Frenetic, frantic, full-on: Whiplash is a film which will leave any spectator in a disorientated daze, ecstatically searching for the nearest makeshift drum kit to pound out a jazz-infused rhythm on as soon as they walk out of the cinema. For a film which tells the story of a young wannabe jazz drummer, whose main passion in life is to be as good as his idol Buddy Rich, Whiplash surprisingly feels more like a thriller, able to engage even those who have no interest or knowledge of the musical genre.
Andrew Neiman (Miles Teller) attends the prestigious Shaffer Conservatory in New York where he desperately desires to be noticed by the school’s legendary conductor Terrence Fletcher (a phenomenal J. K. Simmons). Neiman’s life is clearly dominated by his pursuit to be ‘one of the greats’: Schaffer being the next step on that pathway with Fletcher’s instruction a necessary subsequent step. Neiman simply lives and breathes Jazz. His room is covered with posters of jazz legends and drum beat ‘charts’. He can walk into a restaurant and name the musician and the recording date of the track which plays over the speakers. Such determination, outlined so clearly during the film’s initial scenes, is clearly a central concern; what does it take to be the best? But Whiplash isn’t just interested in a superficial ‘blood, sweat and tears’ representation of that kind of sentiment, but asks the question: when striving for perfection, what is sacrificed? What is risked?

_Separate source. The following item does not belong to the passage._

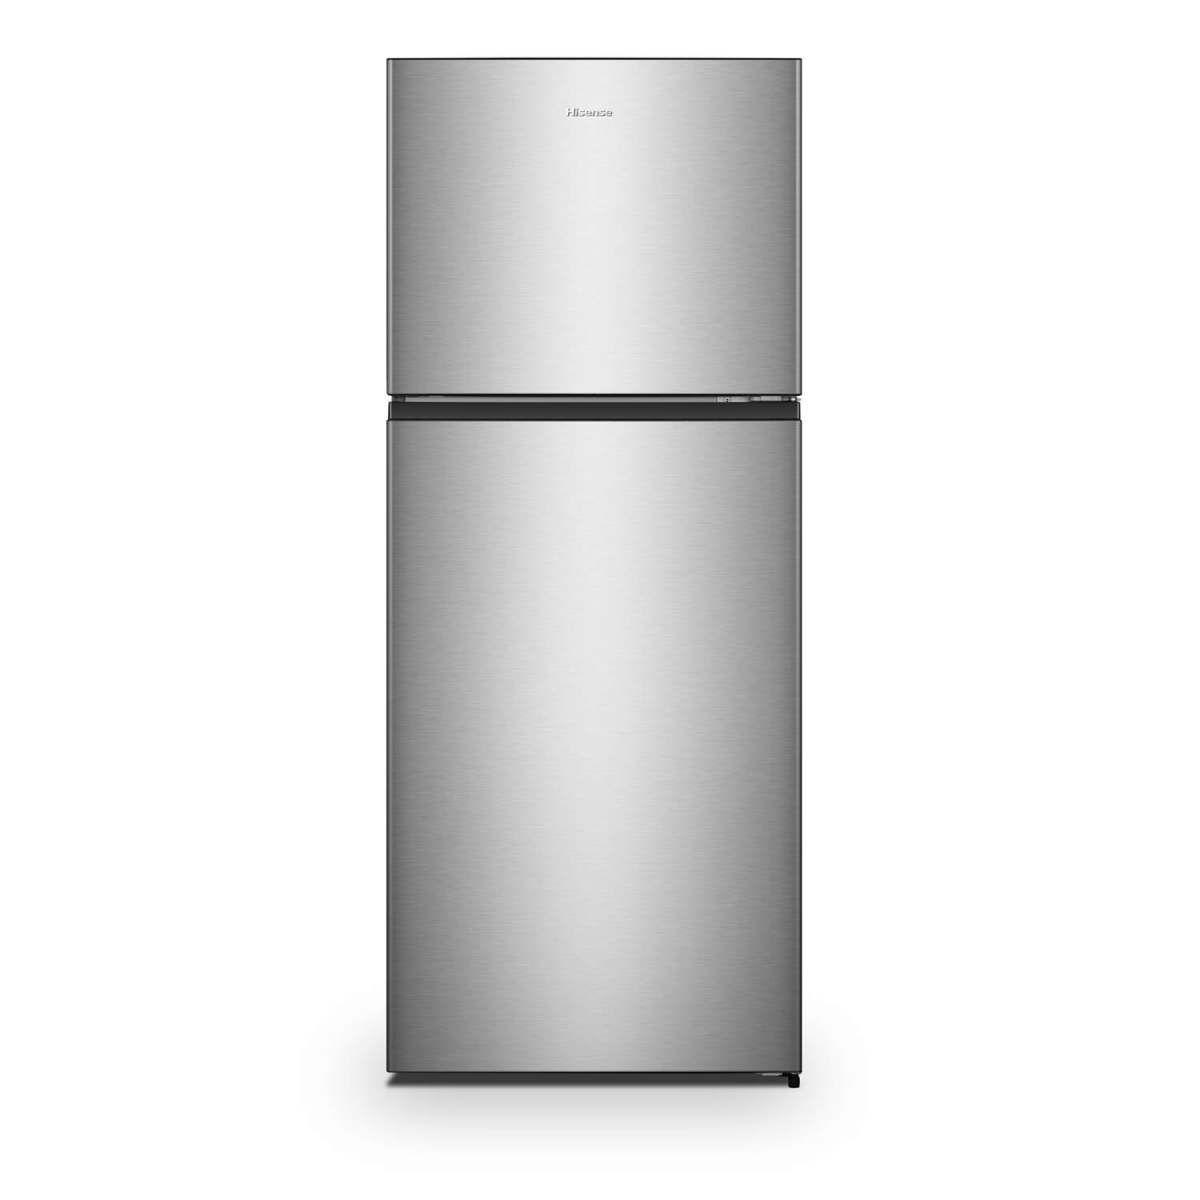 Hisense 411 L 2 Star Double Door Refrigerator (RT488N4ASB2)

Enter Terrence Fletcher. Soon enough Neiman makes enough of an impression to stand out to Fletcher for inclusion in the school’s flagship band. After an initial, disarming conversation with Fletcher, who tells the young drummer to just ‘have some fun’, Neiman’s first rehearsal quickly turns into a tense affair during which the conductor acts out aggressively and even violently towards other members of the band as well as Neiman himself. The version of this scene witnessed in the film’s trailer pales in comparison to the aggression and hostility Fletcher exhibits towards his students in the film itself. Spraying spit-flecked, profanity-ridden insults across the ranks like R. Lee Ermey in Full Metal Jacket, Fletcher demands absolute perfection and if anyone isn’t in tune or finds themselves not exactly on ‘his time’ whilst playing, all hell is certain to break loose. What begins here is an ingeniously executed back and forth between Neiman and Fletcher – student and teacher. As Neiman’s determination to live up to Fletcher’s ludicrous expectations progresses even further, his life begins to come crashing down around him; something he knowingly allows in the pursuit of his primary aspiration. As each dramatic turning point gives way to another, Whiplash forces the spectator through an assault course of theatrical ups and downs as Neiman fights to be the band’s core drummer, practices the blistering pieces he must perform in front of crowds and judges who will decide his future, and attempts to gain the respect of the clearly sociopathic conductor who he himself regards so highly.
With the film’s rhythm continually increasing in pace and strength – realised in no small part by it’s inspired use of rapid quick fire editing – Whiplash whisks the audience towards its masterful final act: a head to head showdown between Neiman and Fletcher which has to be one of the most captivating, if audaciously overwrought finales of recent memory. It’s at once triumphant, but also subtly disheartening when the realisation hits that both characters are as bad as each other: a perfect match with their shared manipulative tendencies and their kill or be killed attitude towards pursuing perfection. For just under two hours, Whiplash pumps some much needed adrenaline into the multiplex, and all it took was a bass drum, snare, toms, cymbals and two of the most uncomfortably compelling, near-psychotic jazz-lovers imaginable.